Mas como tudo o que está ruim pode piorar, começou a ouvir ruídos vindos da sala ao lado. Era a Morte empurrando a maca usada para o transporte dos corpos dos carros funerários até as geladeiras.

Conforme Júlio pedia para que aquilo acabasse, mais a Morte o afrontava, e agora ela batia as portas das geladeiras, jogava os ossos de uma ossada que estava sendo investigada contra a parede e derrubava tudo o que estava sobre as mesas.

 

-- --- 36 meses depois --- --

Aquela foi a última noite de trabalho de Júlio no Necrotério Municipal. Quando amanheceu, ele foi encontrado desmaiado na cozinha, pelo Dr. Marcos, que havia chegado para trabalhar.

Foi levado para o hospital, estabilizado e diagnosticado com psicose, motivo pelo qual precisou ser internado numa Clínica Psiquiátrica.

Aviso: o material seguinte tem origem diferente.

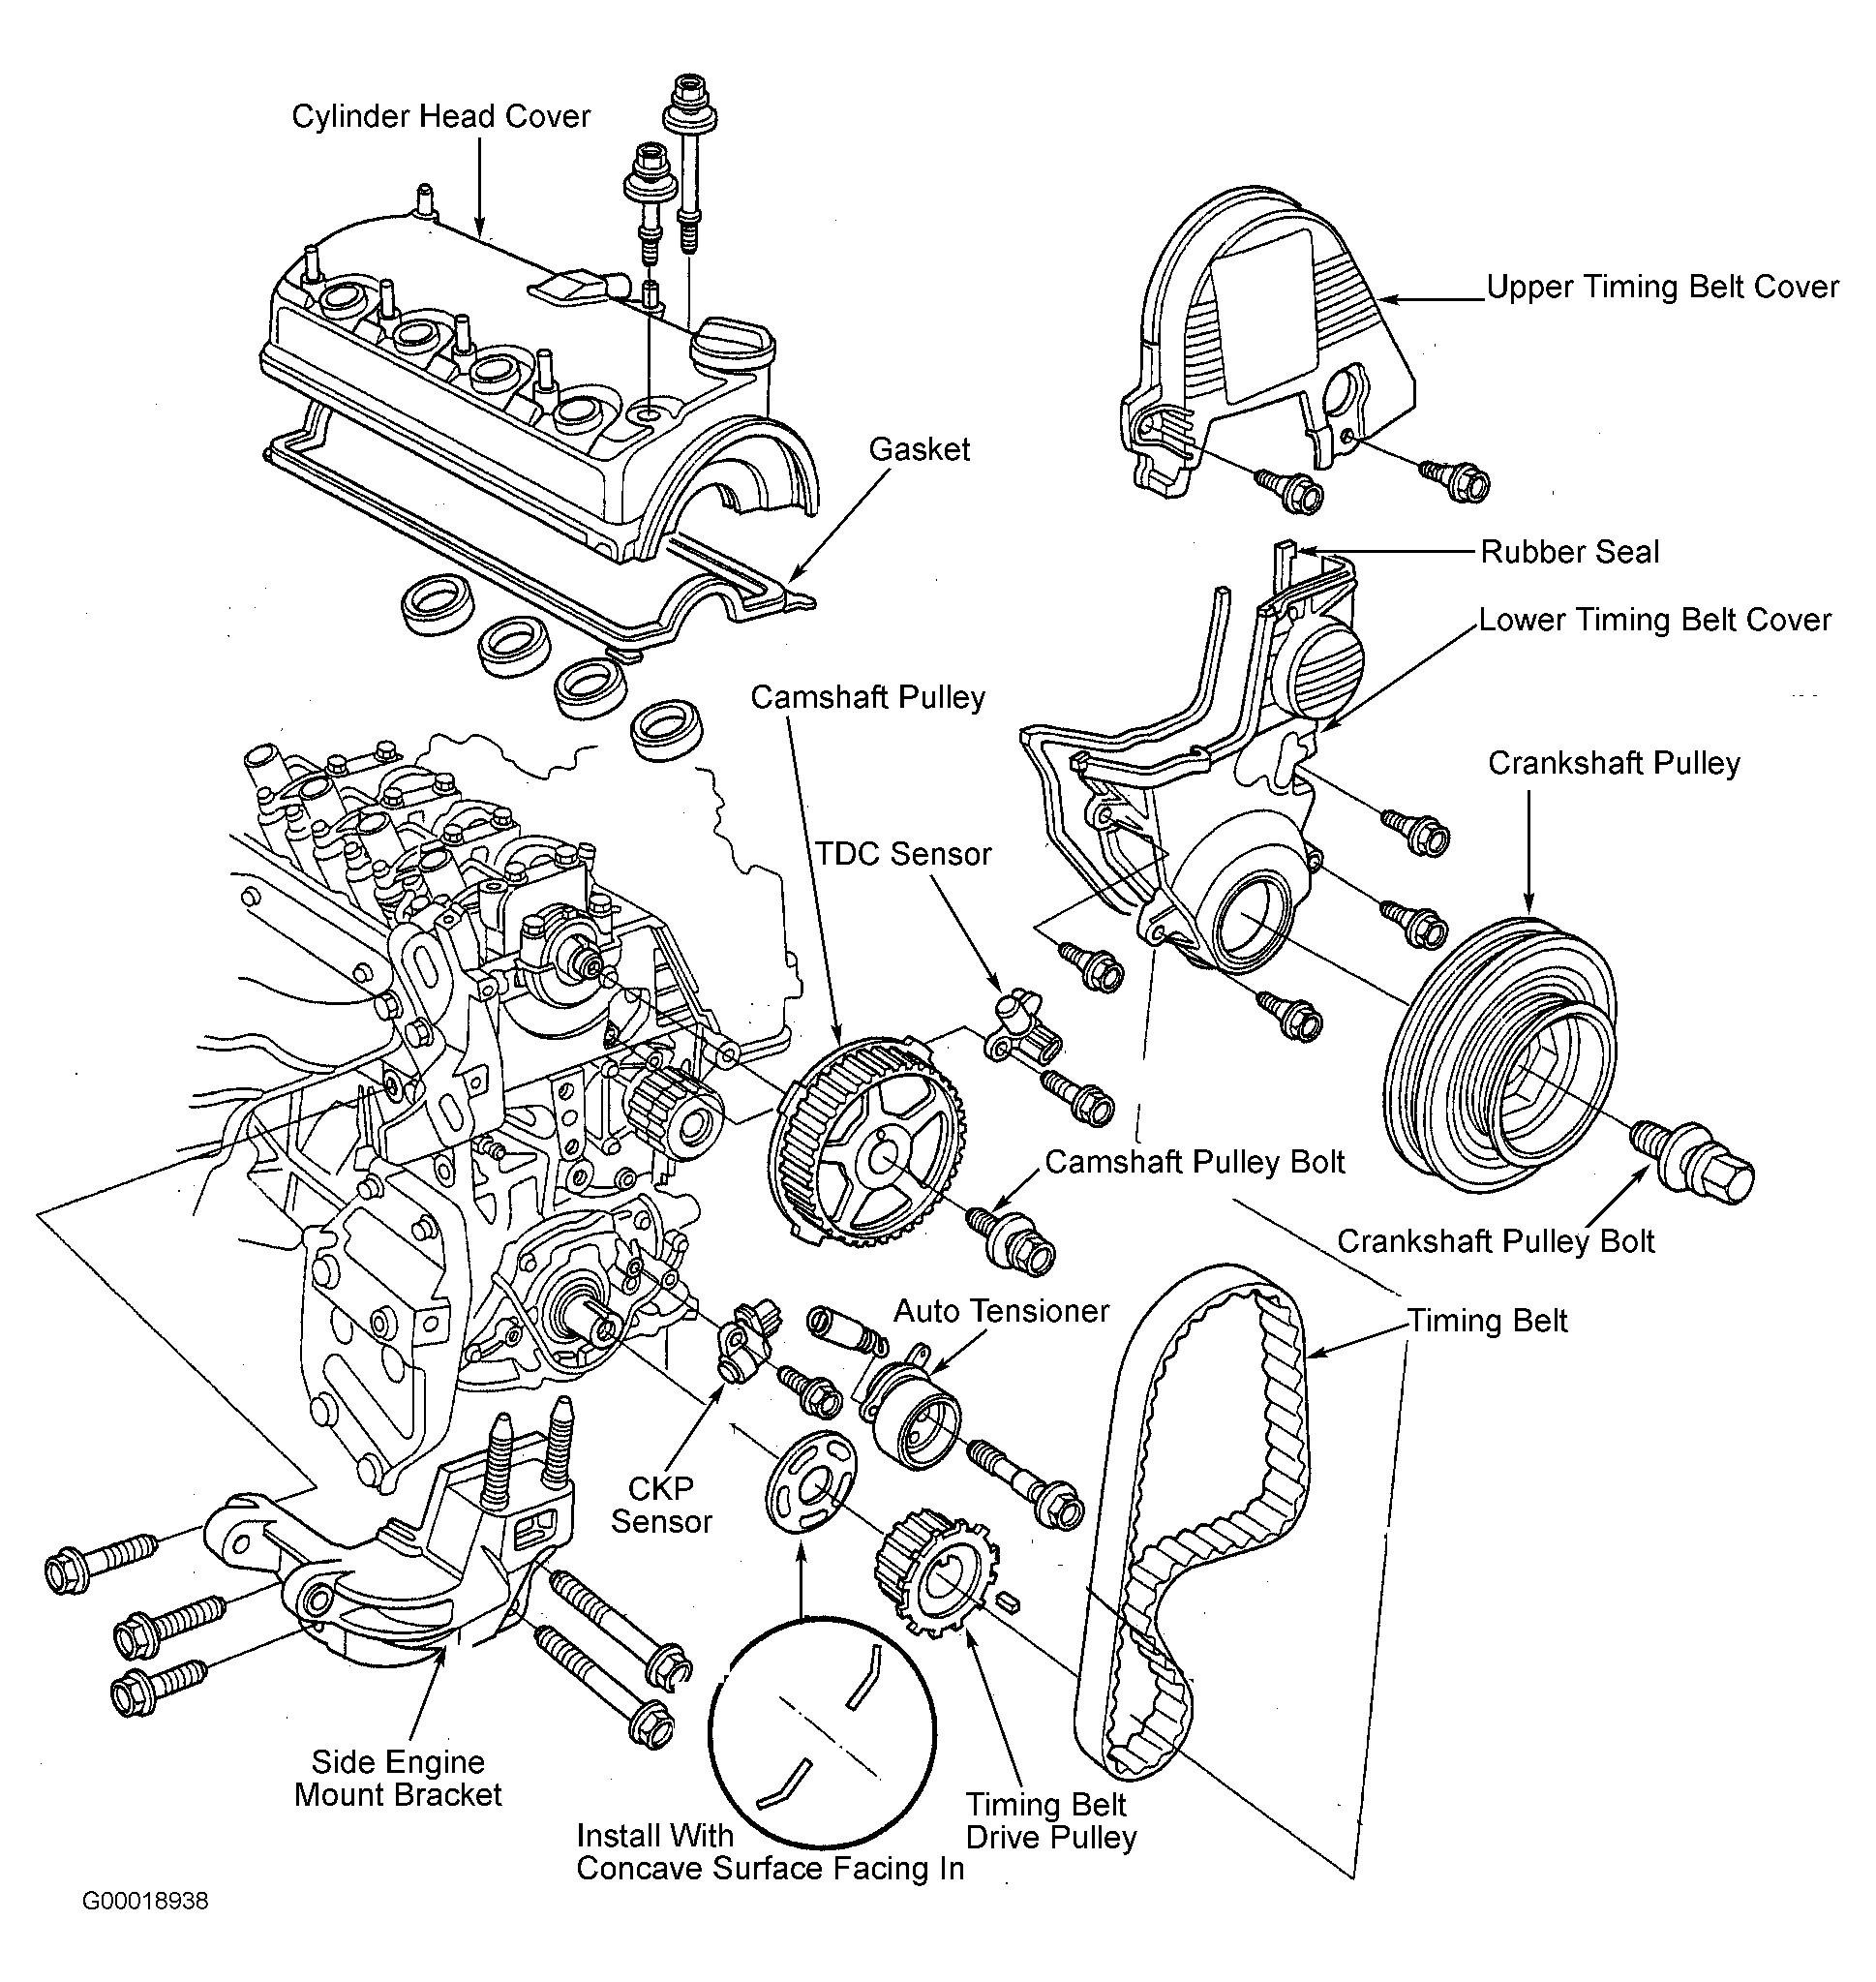 2009 Honda Civic Engine Diagram - Wiring Diagram Directory on toyota 3.5 engine diagram, gm 3.5 engine diagram, tecumseh 3.5 engine diagram, chevy 3.5 engine diagram, dodge 3.5 engine diagram, kia 3.5 engine diagram, nissan 3.5 engine diagram, oldsmobile 3.5 engine diagram, isuzu 3.5 engine diagram, hummer 3.5 engine diagram,

Lá, o médico responsável por tratar de Júlio explicou para Dona Geni, que a psicose é um transtorno mental que faz com que o doente veja as coisas de maneira diversa do que são na realidade, o que o leva a ter dificuldade em entender o que é real e o que não é.

 

  • Por isso, frequentemente Júlio está alucinando e alega ouvir, ver e sentir coisas que não são reais - disse o Médico.
  • E ele vai poder sair daqui, Dr? - Arguiu Geni.
  • Lamentavelmente não, pois tudo isso que lhe contei causa sofrimento tamanho no seu filho, que o convívio social fica insustentável.
  • Meu Deus!
  • Mas a senhora pode visitá-lo sempre que quiser.
  • Isso não é suficiente! Quero meu filho de volta!
  • Lamento informar que Júlio nunca mais será o mesmo. Não há cura para a doença que o acomete, e no estágio em que ela se manifestou nele, pouco podemos fazer.

 

-- --- O fim --- --

 

Foi numa agradável tarde de verão em Vila Verde, quando Júlio estava sentado em seu banco predileto nos jardins do Manicômio, que a Morte lhe apareceu pela última vez.

 

  • Olá! Como vai você?
  • O que quer de mim? Que eu morra?
  • Claro que não! Afinal, você já está morto. Só que seu espírito ainda habita esse corpo que um dia já pertenceu ao afável e sempre prestativo Júlio, único filho de Geni!
  • E o que quer de mim?
  • Apenas conversar, como disse em nosso primeiro encontro!

 

 

***

Esse conto é inteiramente ficcional. Os sintomas e diagnósticos aqui contidos, muito embora sejam baseados em fatos reais, são imprecisos ou modificados para propiciar maior dramaticidade. Se precisar procure um médico, pois somente um profissional será capaz de ajudar.